Hello darkness my old friend. 

Laziness is very seductive, it's addictive and is ultimately what drives many of our achievements. But it's a trade off, and if you are too lazy now, then you won't be able to afford to be lazy later. So what did I do about my own overflow of laziness? Oddly, this one was the easiest. Of course, I'm still trying to do better, but, again, baby steps!

standards

So, first thing I did was actually look up what other people did for their laziness. This is somewhat like the approach I with self-help books I advocated in my piece about self-help books: gaining perspective. Because I do not have the time to read actual self-help books, I found the beginning and solution to all of life's problems: The Internet! And what holy grail of information did I find once there? A beautiful thing called The Ivy Lee Method. What makes this method work for me is its simplicity. There's no complicated app to download and keep up with, no extravagant notebook or planner needed, just a piece of paper and pen to keep track of your daily progress. 
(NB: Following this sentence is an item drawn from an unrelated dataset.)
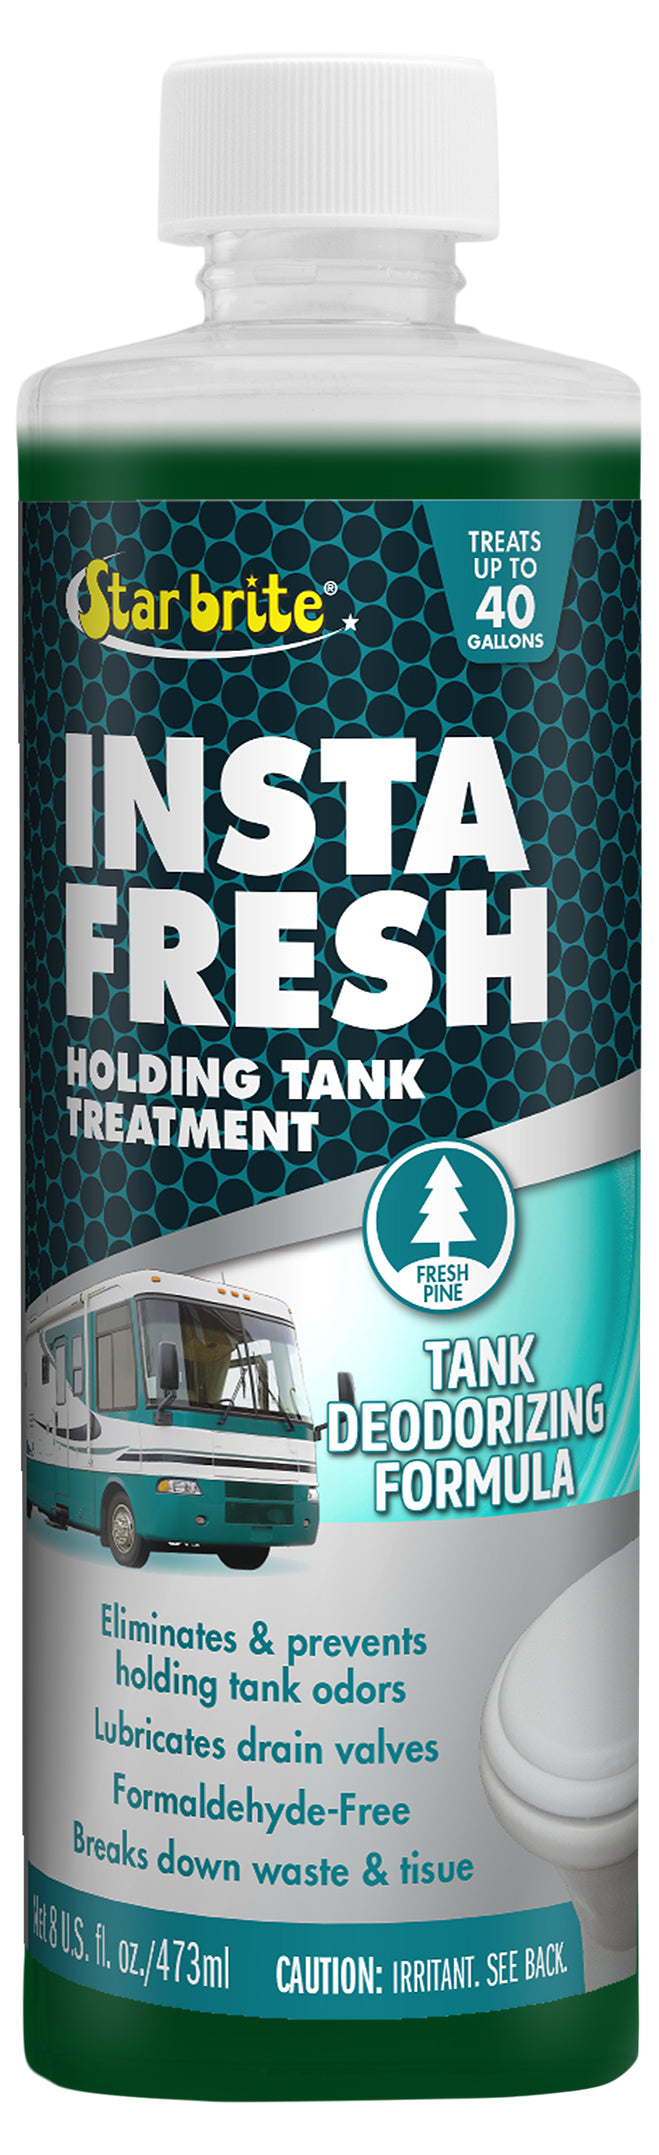 Star brite 72832 Instafresh Holding Tank Treatment - 32 oz., Fresh Pine Scent

The Ivy Lee Method involves writing down six tasks that you need to complete that day. However, if you do not complete those six tasks, then the only consequence is flowing the tasks you did not get done over onto the next day and adding the appropriate number of tasks to those to make six. It is simple, it doesn't involve buying an app and a special calendar, and it allows for you to not get all of your work done in one day. It's flexible and simple, which is perfect given my current schedule. 

Like the other methods I've discussed in this post, this isn't meant to work for everyone. Some of you would probably prefer a more strict method, or something more detailed. That is totally okay. The important thing is to take stock, find out what isn't working for you, and then find ways to change that. And maybe those ways won't work for you forever. Life changes, your goals change, and how you need to achieve them changes. 

We're going to be fine. We're going to go places and be OK.